> Given information
↓

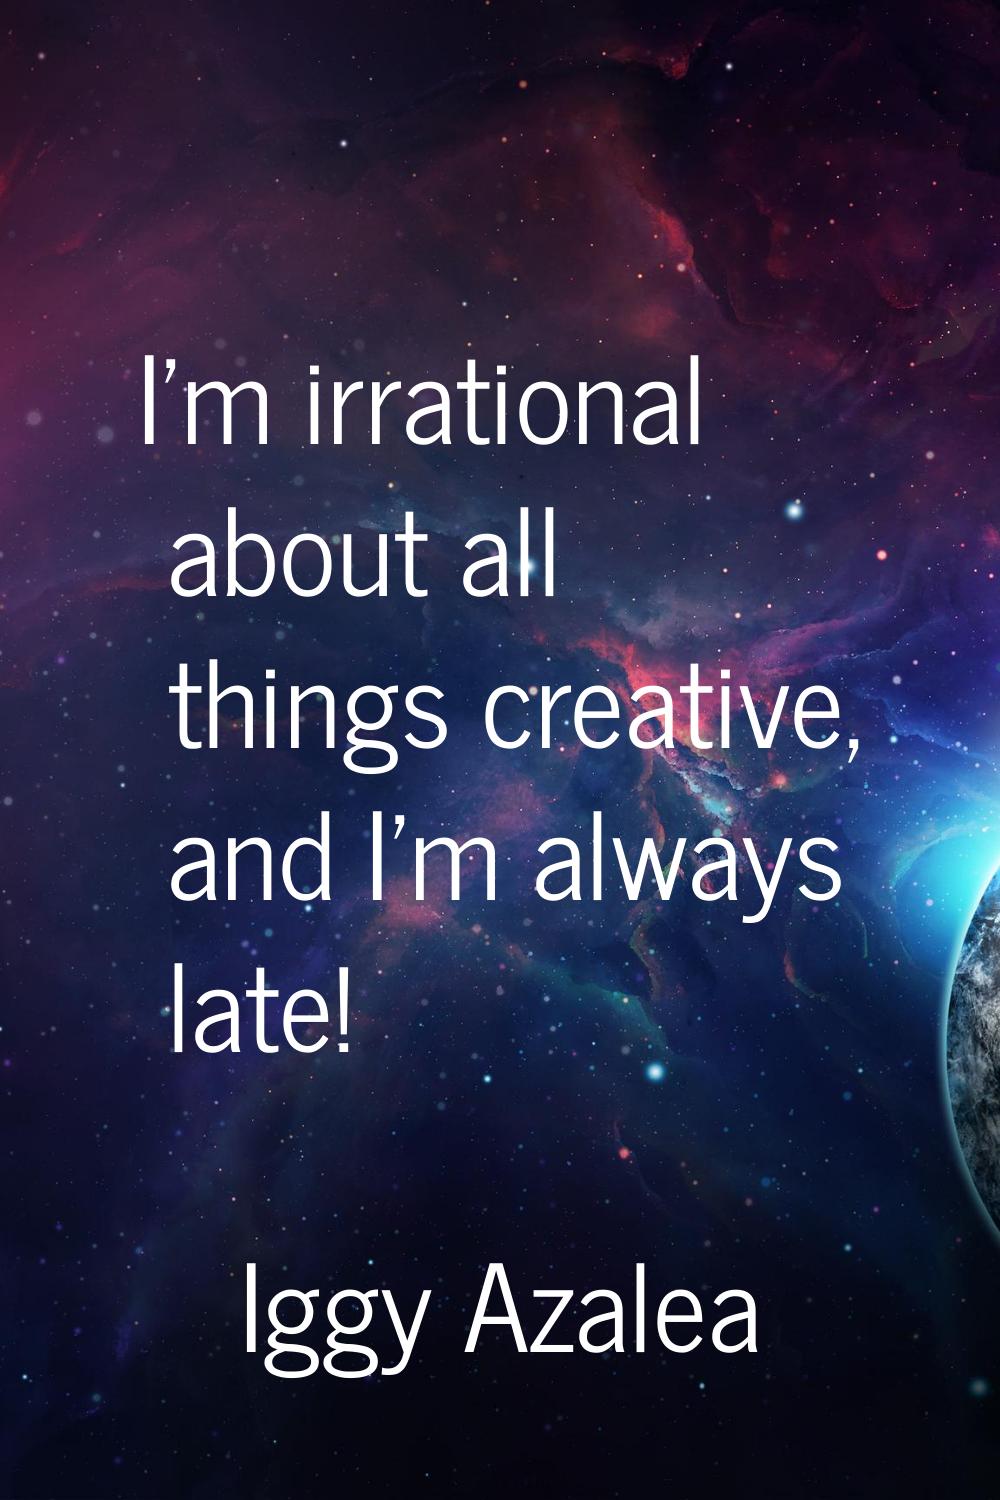 I'm irrational about all things creative, and I'm always late!
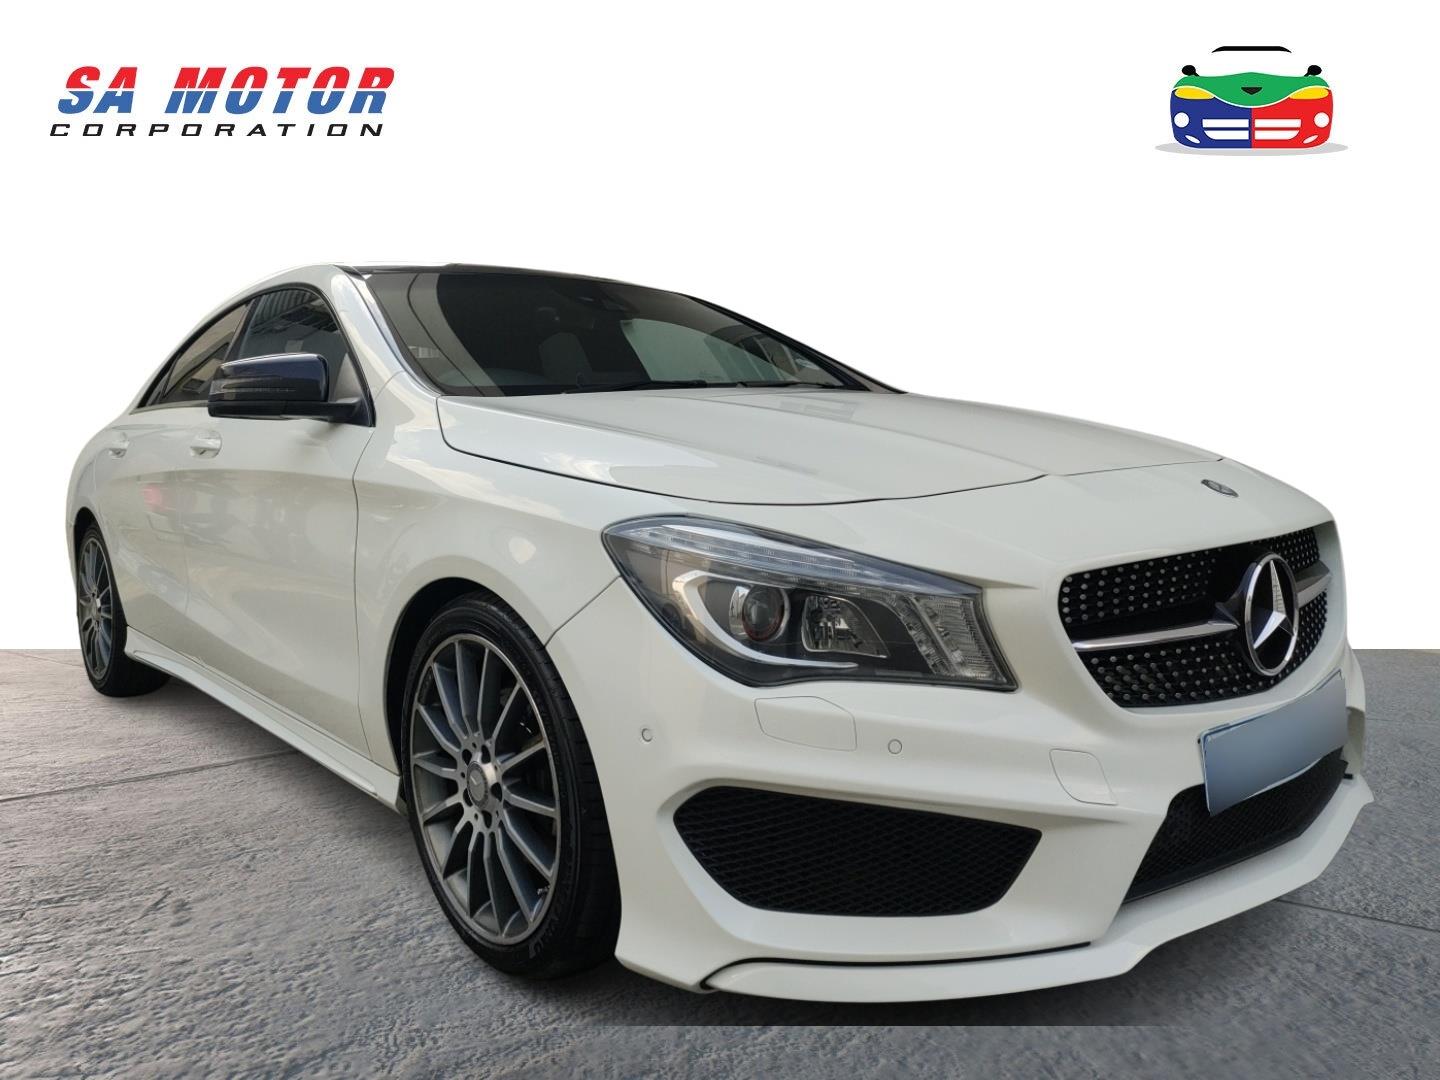 2016 Mercedes-Benz Cla  200 Amg 7G-Dct for sale - 329521
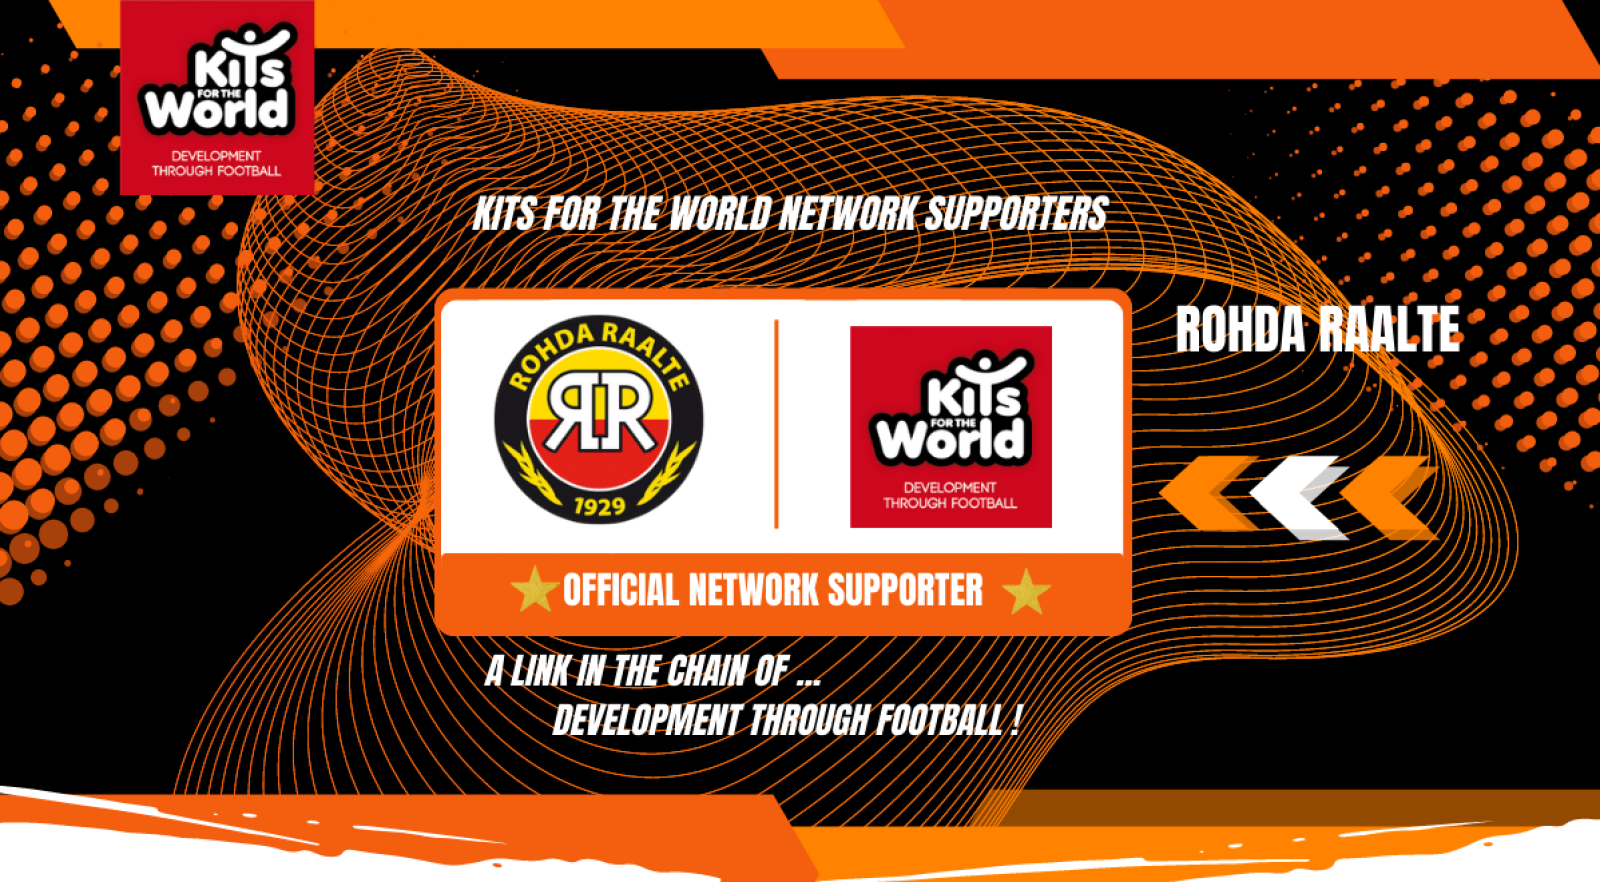 rohda raalte_official NETWORK SUPPORTER _Kits for the World

↑

> Assignment
The answer must be the full listing, exact in every line, with the pictures removed.

> Result
 I'm irrational about all things creative, and I'm always late!
 2016 Mercedes-Benz Cla  200 Amg 7G-Dct for sale - 329521
 rohda raalte_official NETWORK SUPPORTER _Kits for the World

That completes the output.